_PROBLEM REQUIREMENTS_
Transcribe exactly the lines from the one containing "Mooc - EDCA" through the end of the data, both included. Leave out pictures.

_DATASET EXTRACT_
_ _ _

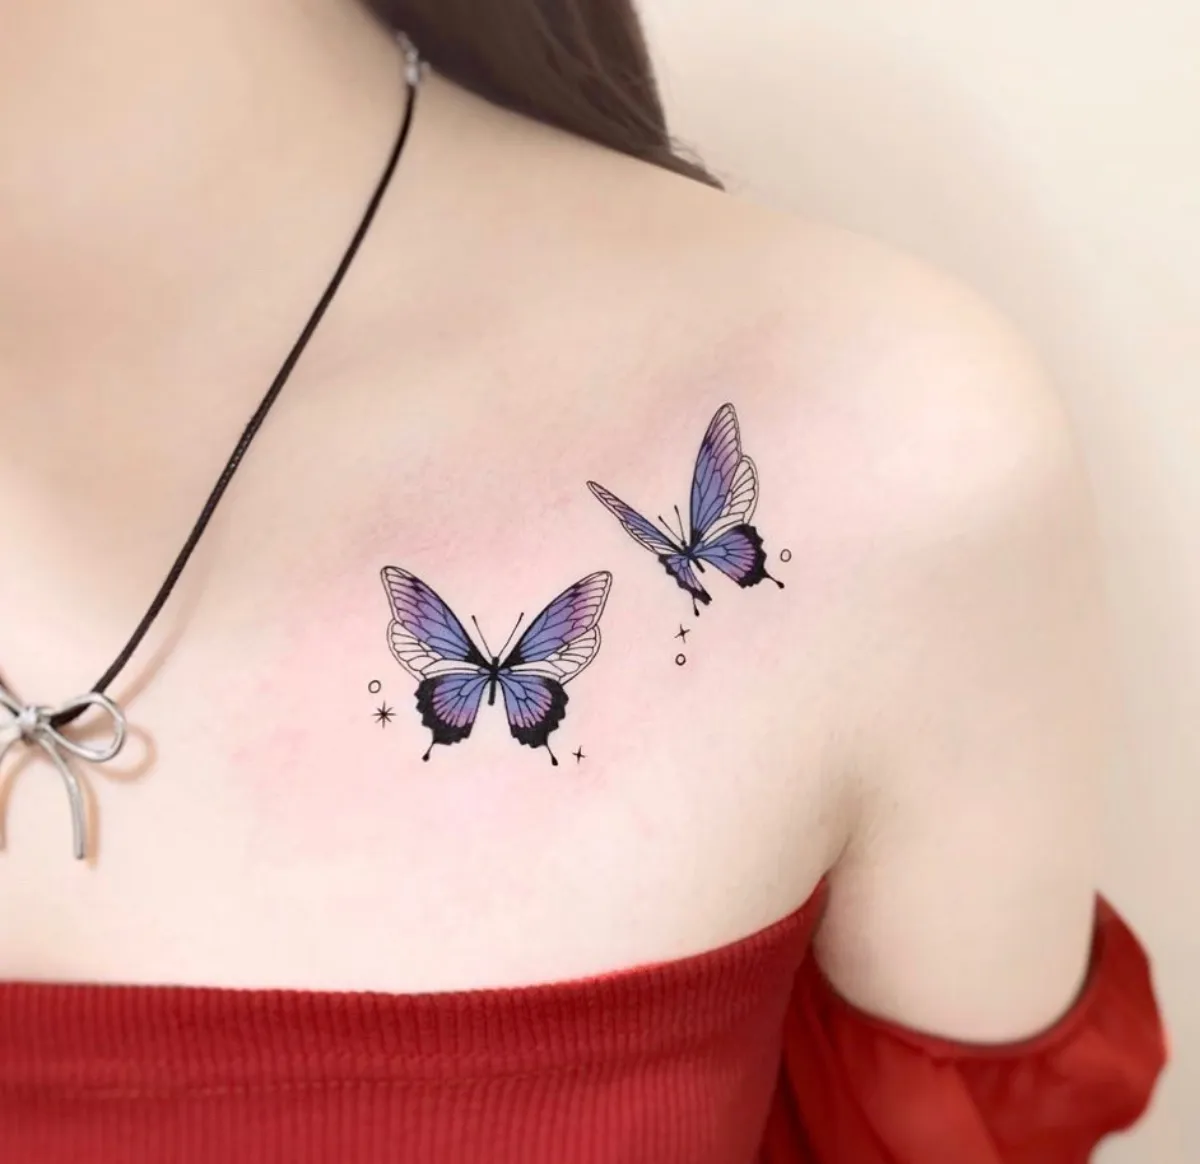 brust tattoo zwei blaue schmetterlinge fliegend
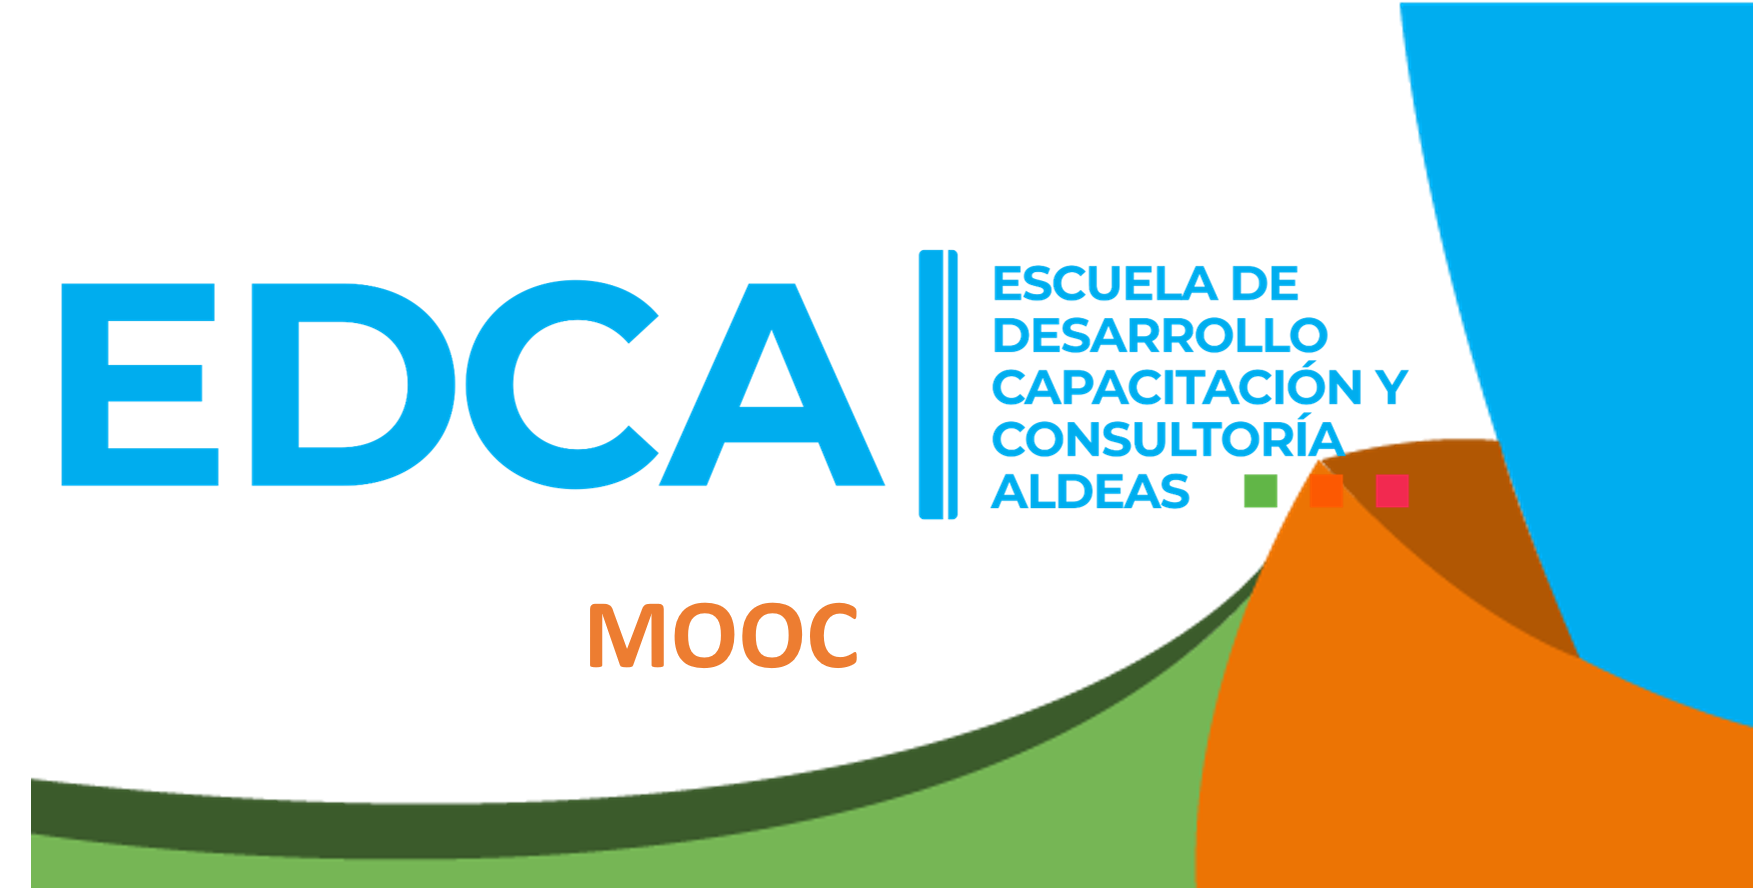 Mooc - EDCA
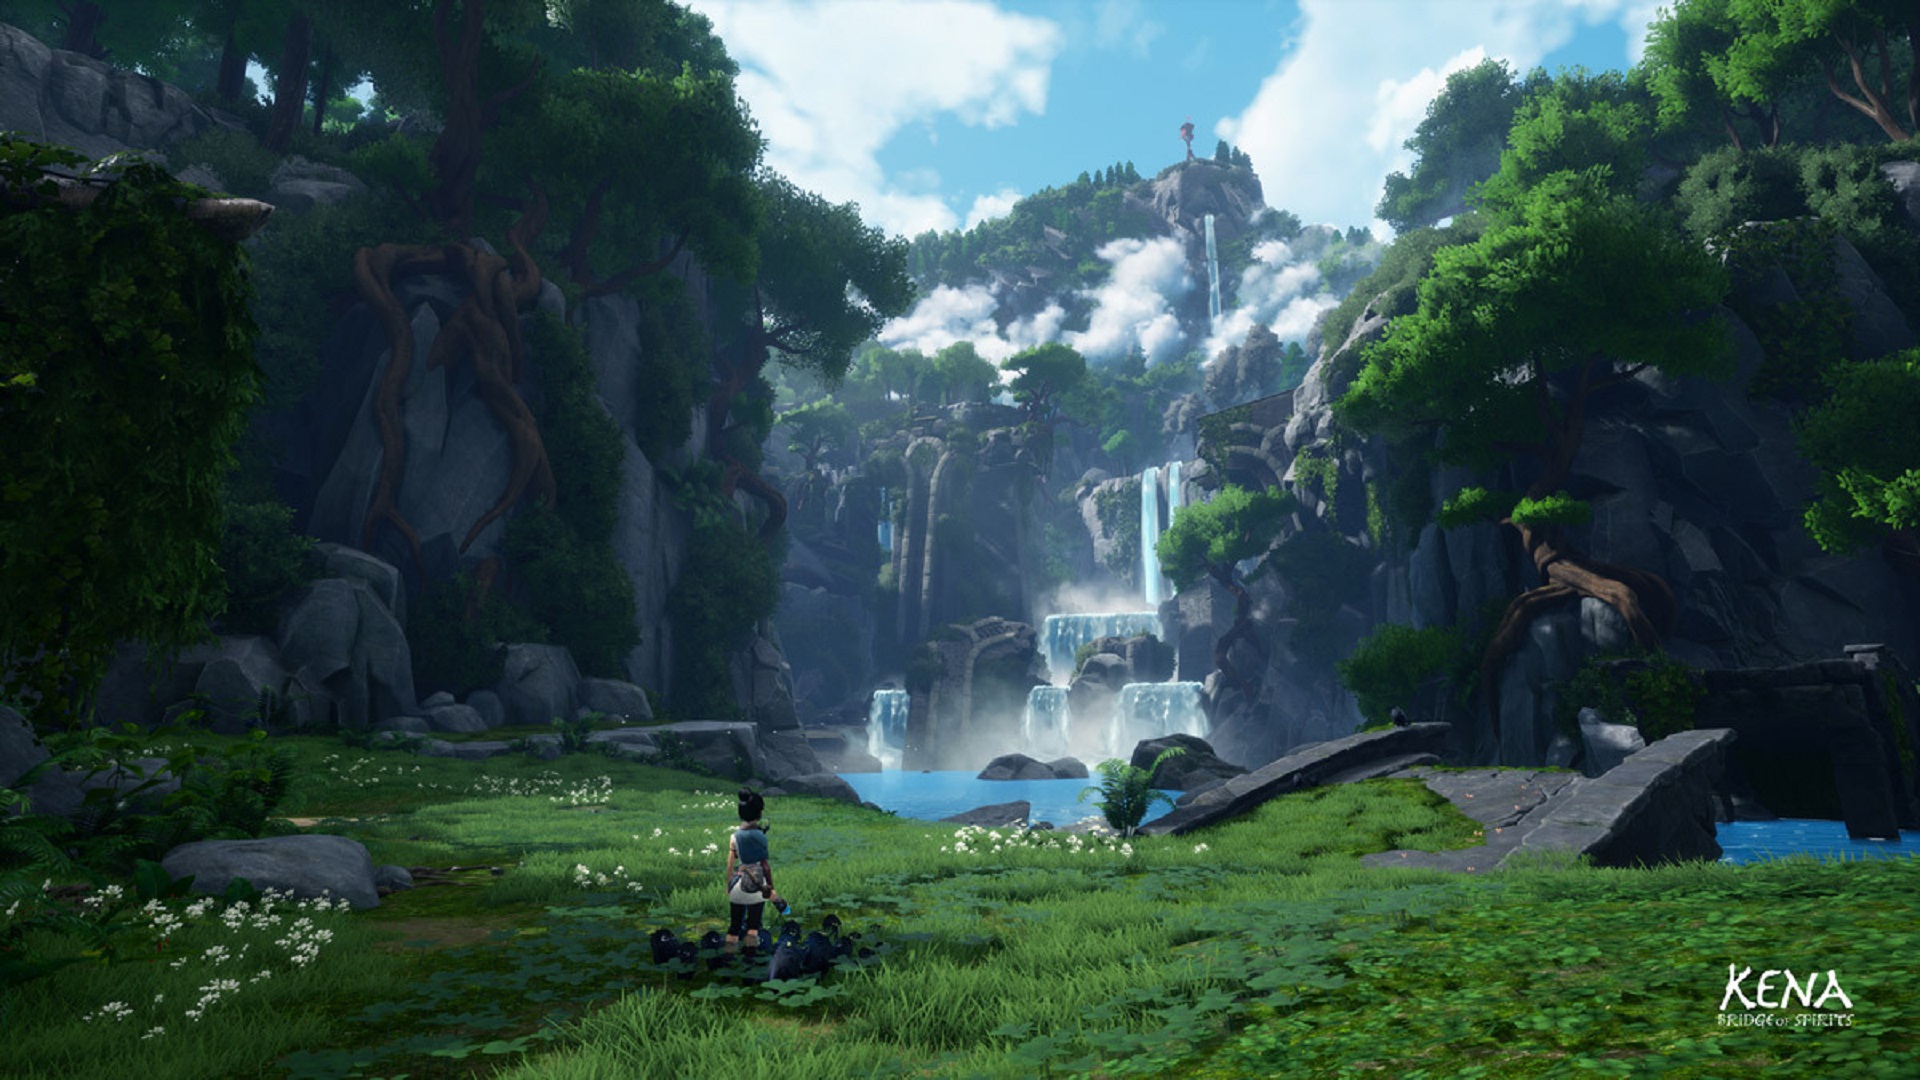 Разработчик Kena рассказал о сохранении одинакового визуального качества во время геймплея и в кат-сценах

_ _ _

_WRITTEN RESPONSE_
 Mooc - EDCA
 Разработчик Kena рассказал о сохранении одинакового визуального качества во время геймплея и в кат-сценах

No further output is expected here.